→ **TASK REQUIREMENTS**
The answer must be only the lines below from the one holding "ArtStation - Princess" down to the one holding "UTILE W coat", ends included, printed exactly; please omit all pictures.

(Beginning of PROVIDED DATA)

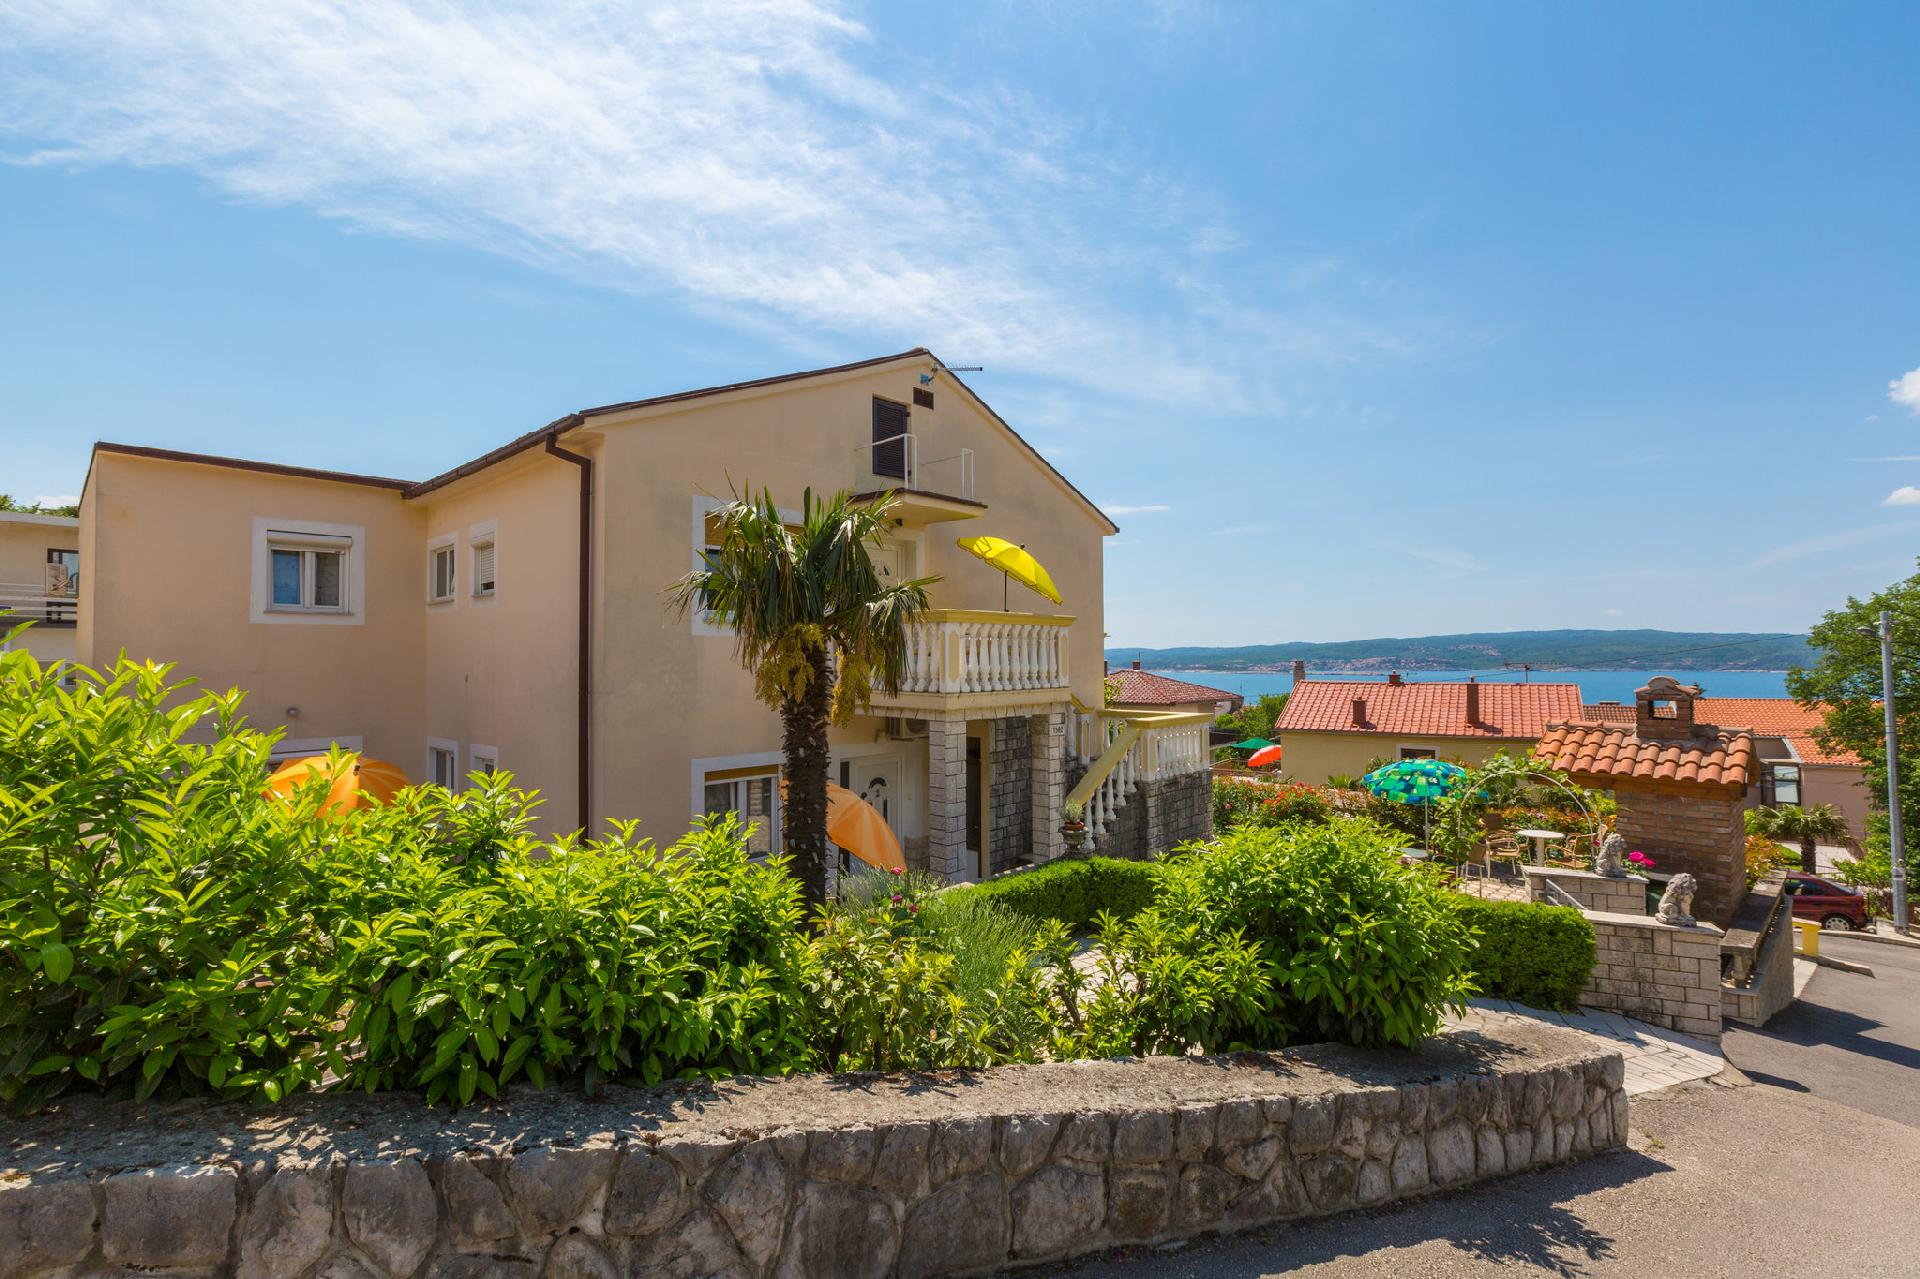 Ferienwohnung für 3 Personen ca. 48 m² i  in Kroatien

(End of PROVIDED DATA)
(Beginning of PROVIDED DATA)

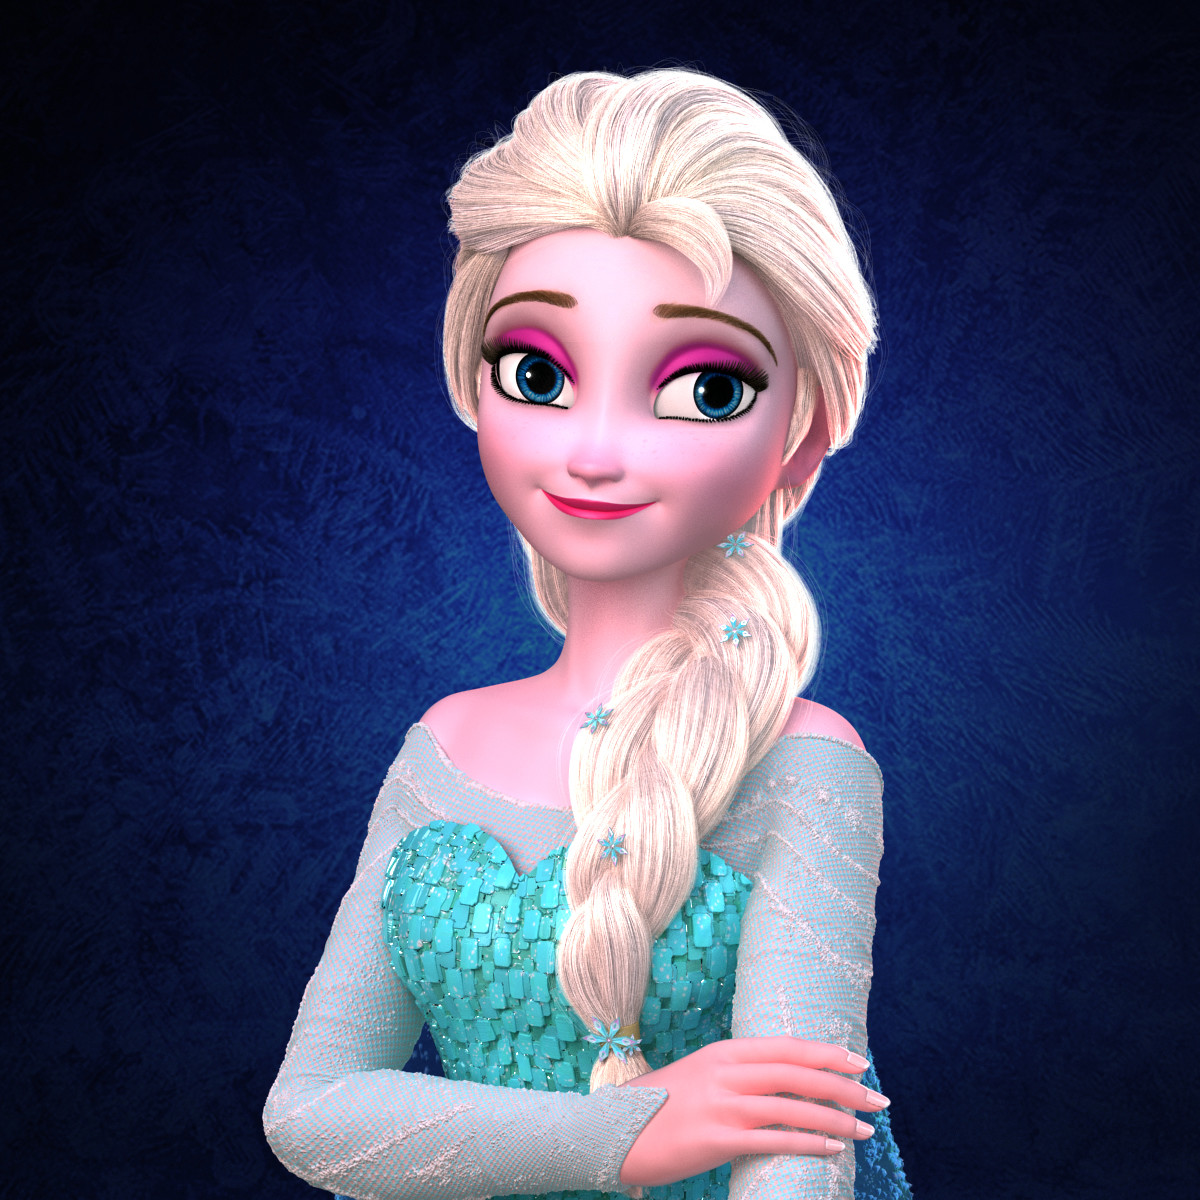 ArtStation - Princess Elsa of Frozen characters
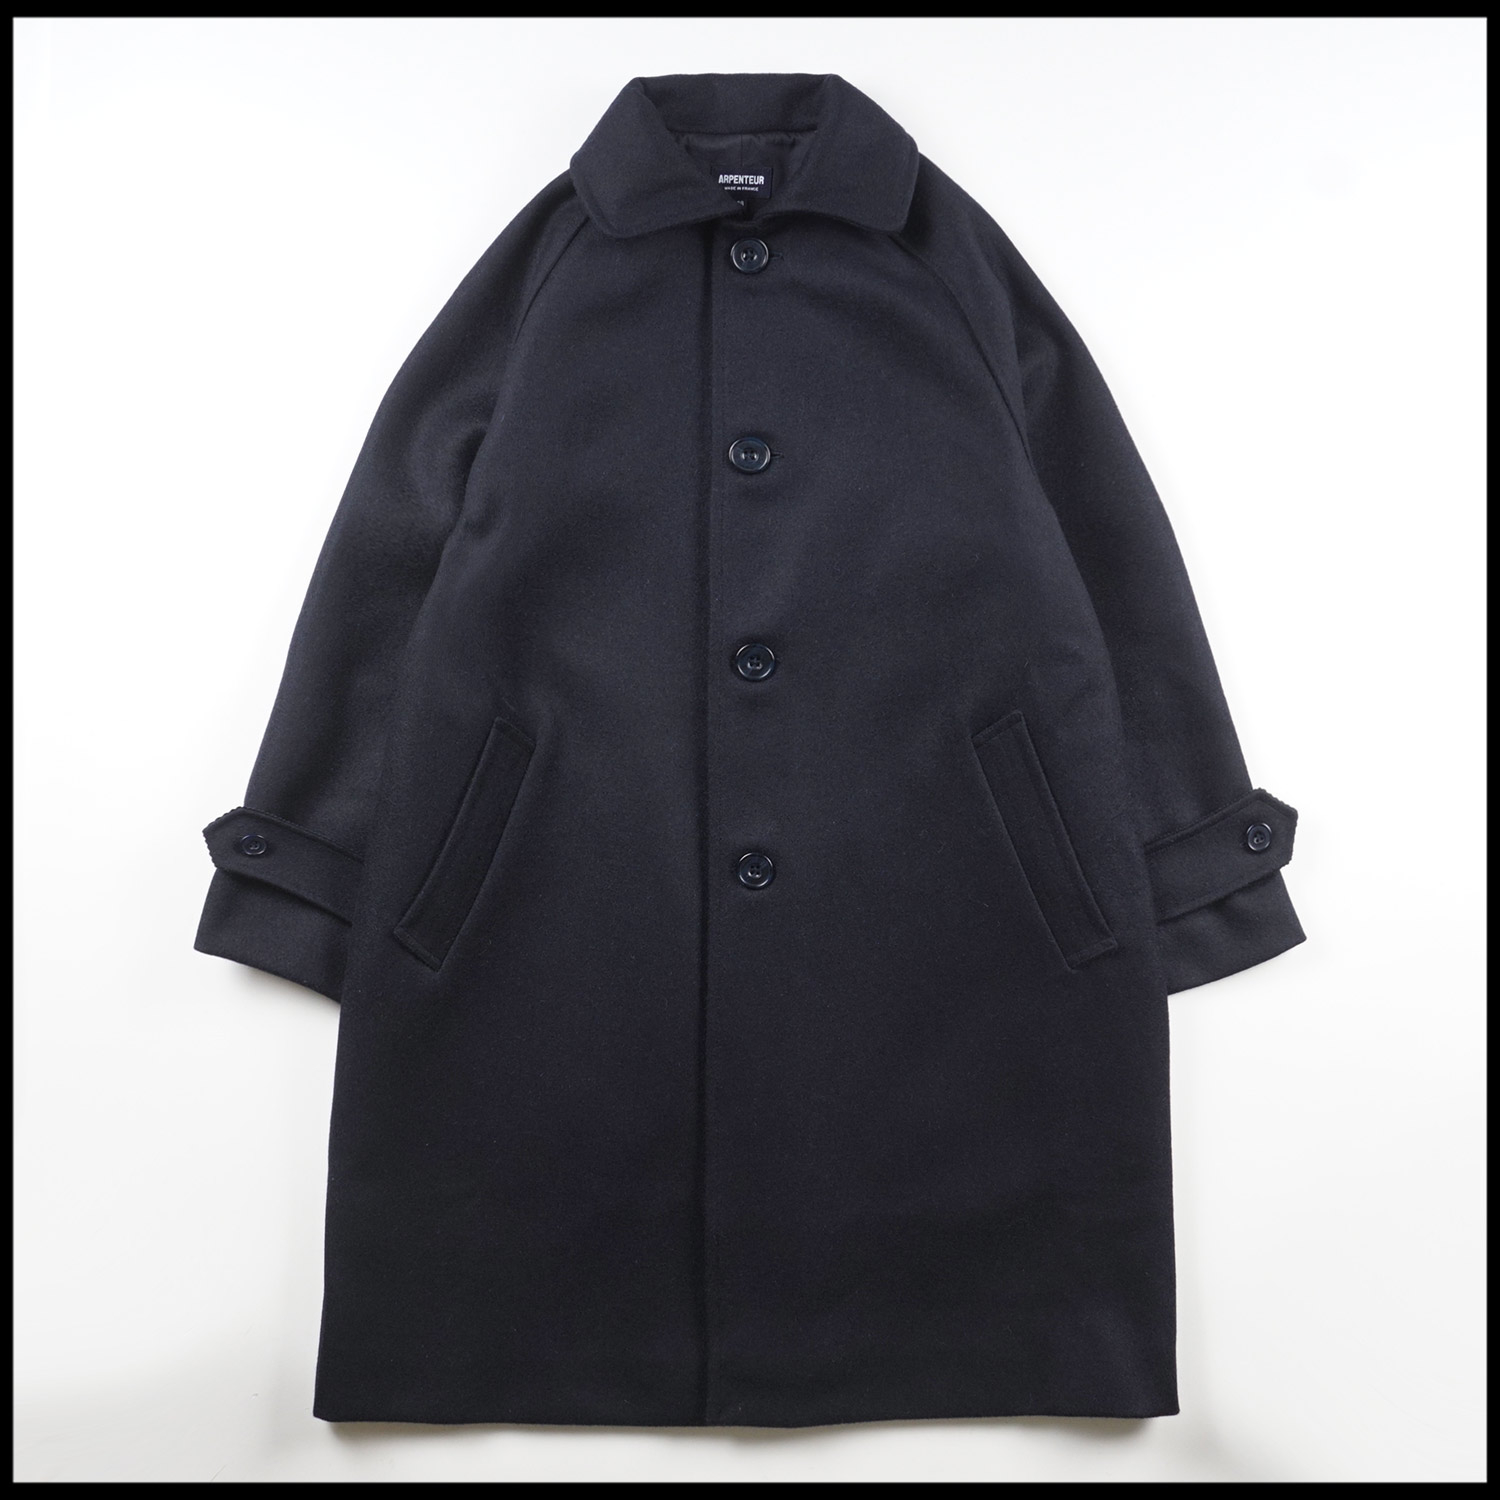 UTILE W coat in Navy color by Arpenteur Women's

(End of PROVIDED DATA)

→ **ANSWER BOX**
 ArtStation - Princess Elsa of Frozen characters
 UTILE W coat in Navy color by Arpenteur Women's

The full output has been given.